Osei Kyei-Mensah-Bonsu: “It will seem to me because the President insisted that, ‘look, when I am even travelling outside and I write to Parliament as an arm of government and in recognition of the authority of the House of Parliament, I sign under my own hand, so in these matters, I should sign under my own hand’…the President, a former Member of Parliament himself recognizes Parliament as one arm of government and should be treated with considerable…”

Interviewer: “You’ve made a critical point because today’s letter was signed by the President himself, correct?”

Osei Kyei-Mensah-Bonsu: “I’ve not seen the letter myself…”

Interviewer: “In fact, I heard the Speaker read the entire thing including…”

Osei Kyei-Mensah-Bonsu: “I should think that because that is what he [The Speaker] said.”

Interviewer: “But the previous one that came was under the hand of Nana Asante Bediatuo?”

Osei Kyei-Mensah-Bonsu: “Yes, that’s so.”

Interviewer: “How is it possible that the President’s Secretary will write to another arm of government, the Speaker, and not fully briefed or receive the brief from his boss and get this wrong and create all the public chaos?”

Osei Kyei-Mensah-Bonsu: “I don’t know the details.

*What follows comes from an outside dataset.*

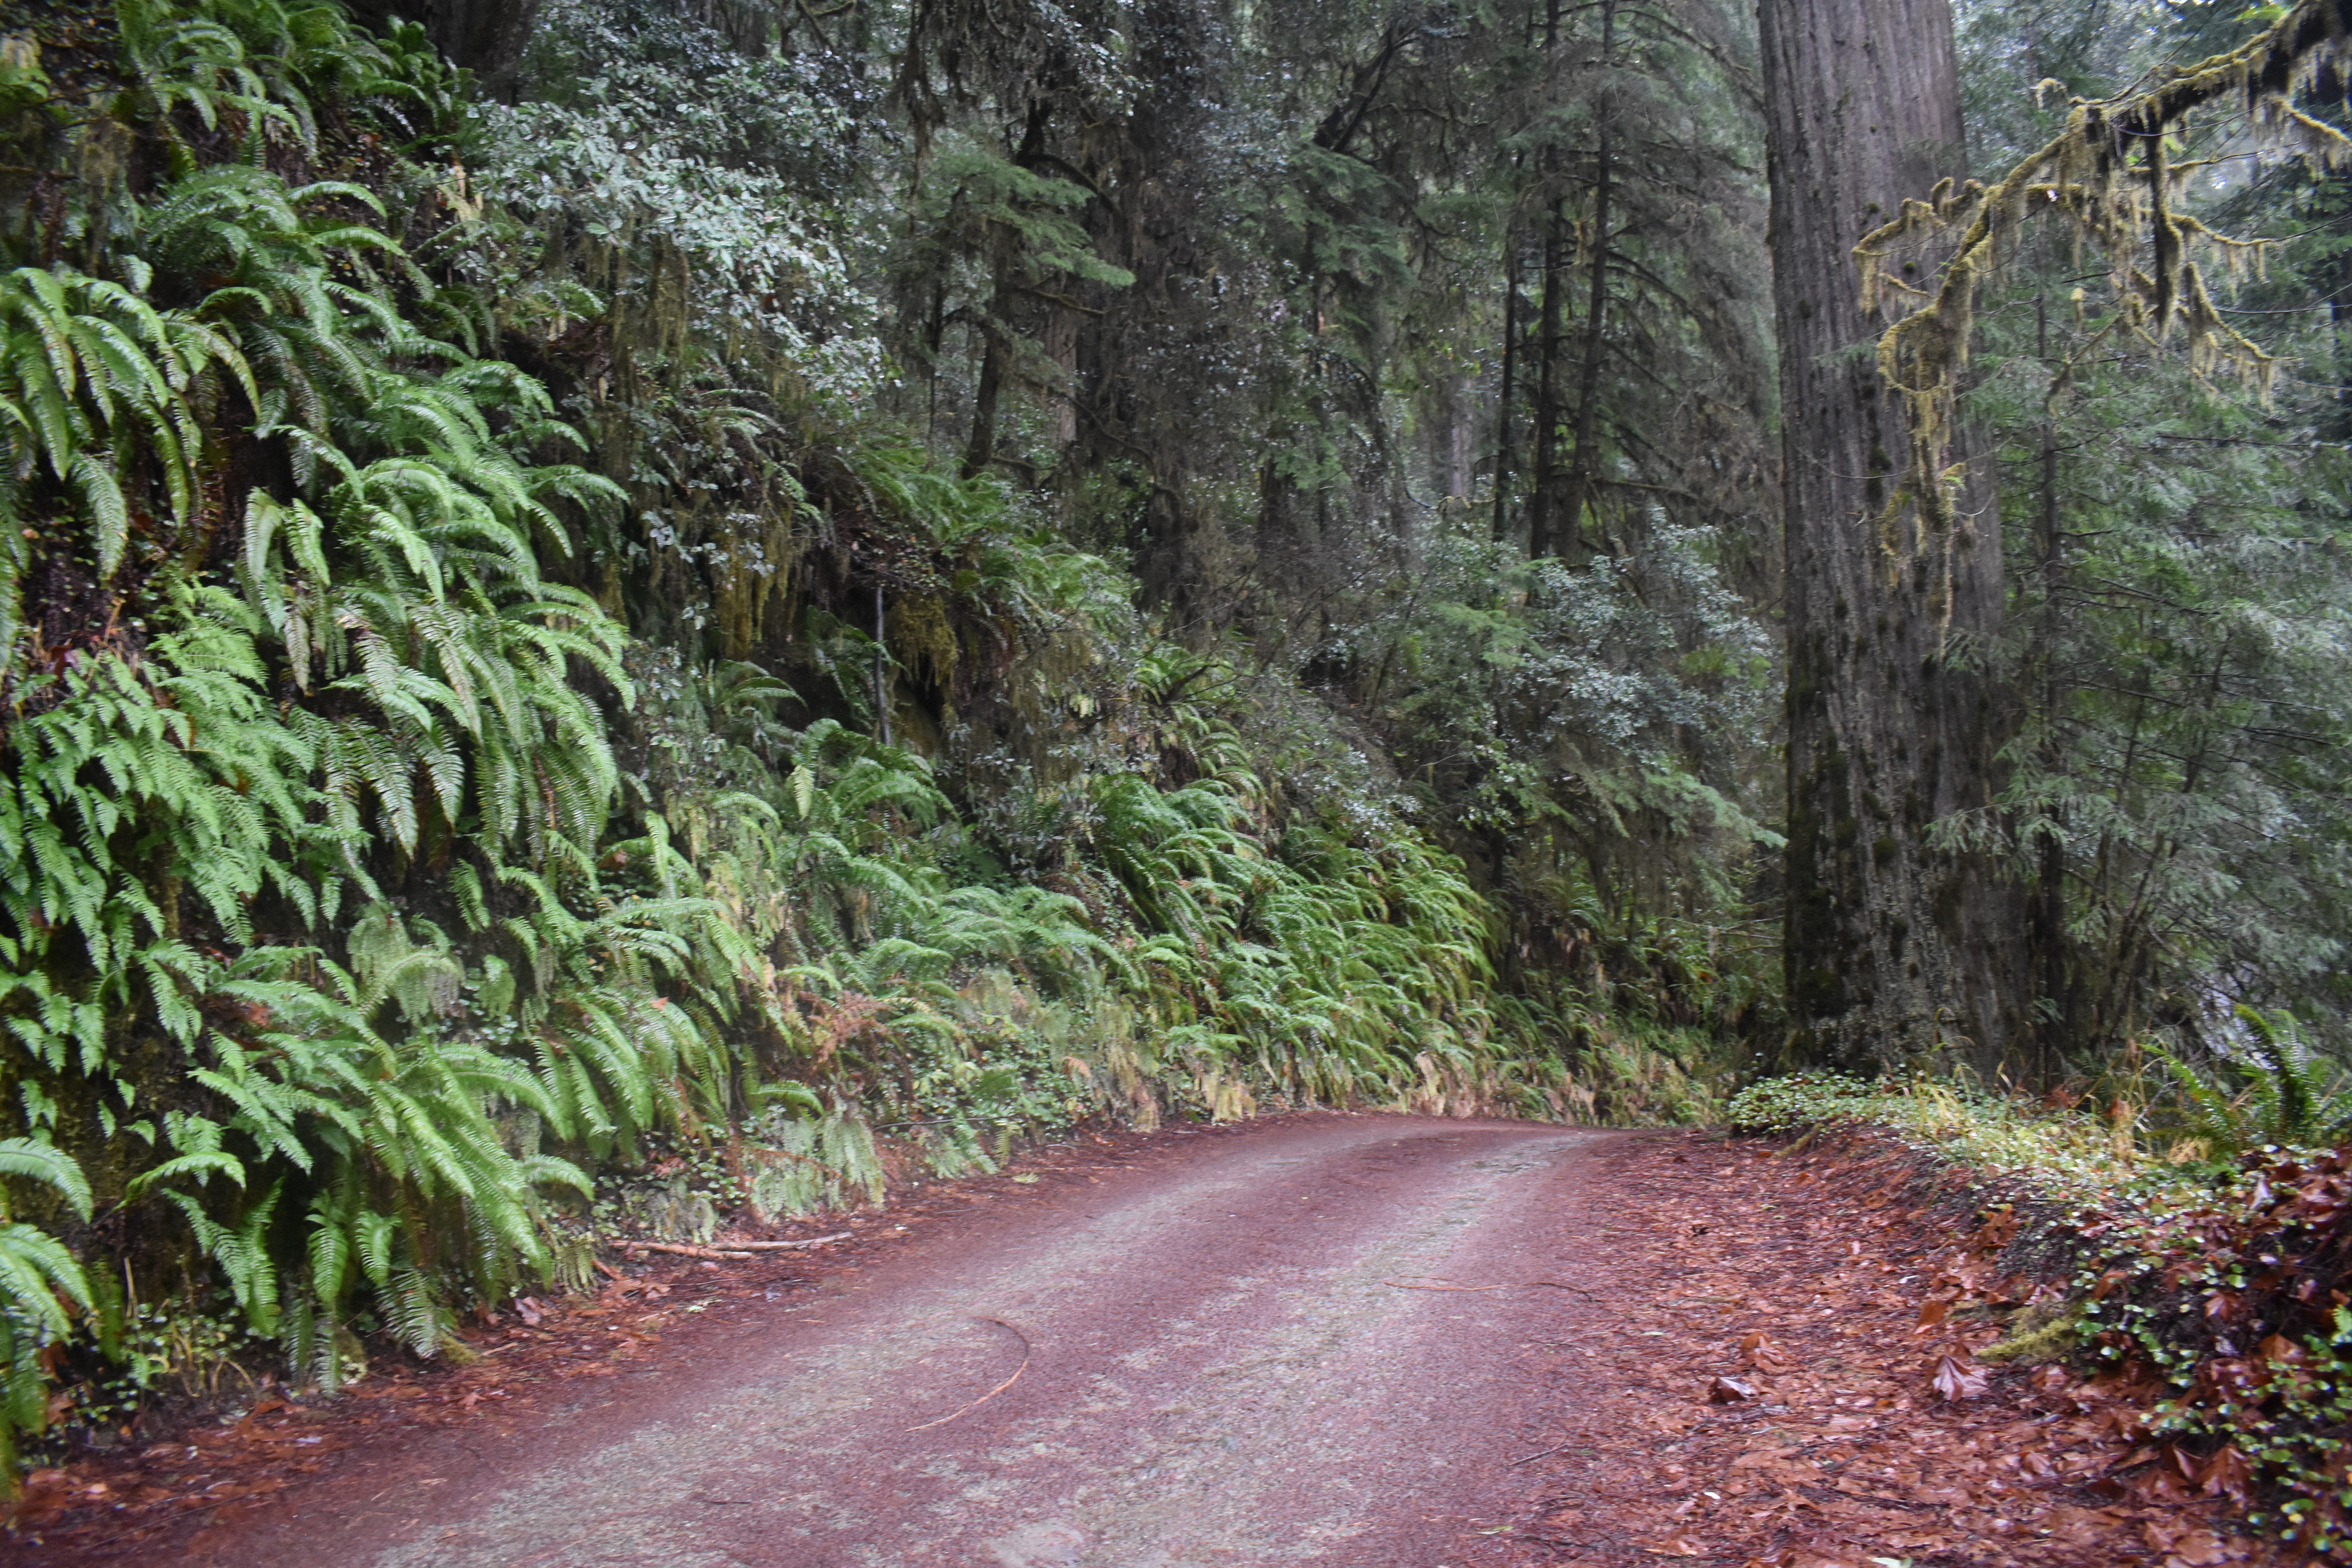 A dirt road between tall redwood trees.

What I do know is what I have told you. If the secretary is writing on the instruction of the President [and] it begins by saying ‘His Excellency has received this and I am directed by the President to do this,’ that was not the language in the first letter.”

Interviewer: “So he did it on his own volition; on his own authority?”

Osei Kyei-Mensah-Bonsu: “I wouldn’t want to go further down lane, further downstream with you on that…”

Interviewer: You don’t think it is something that should be looked at because you know the chaos it caused.”

Osei Kyei-Mensah-Bonsu: “You know I’m related to it and I thought he should have technically - if the President is not available and his place has to be filled - the Vice President was there and in the absence of the President, the Vice President should be writing. In the temporary absence of the President, if the President has spoken to the Secretary, the Secretary could also write, except that the language should be distinct to reflect that, but we didn’t see that - I must confess - which is what the President has come to correct.”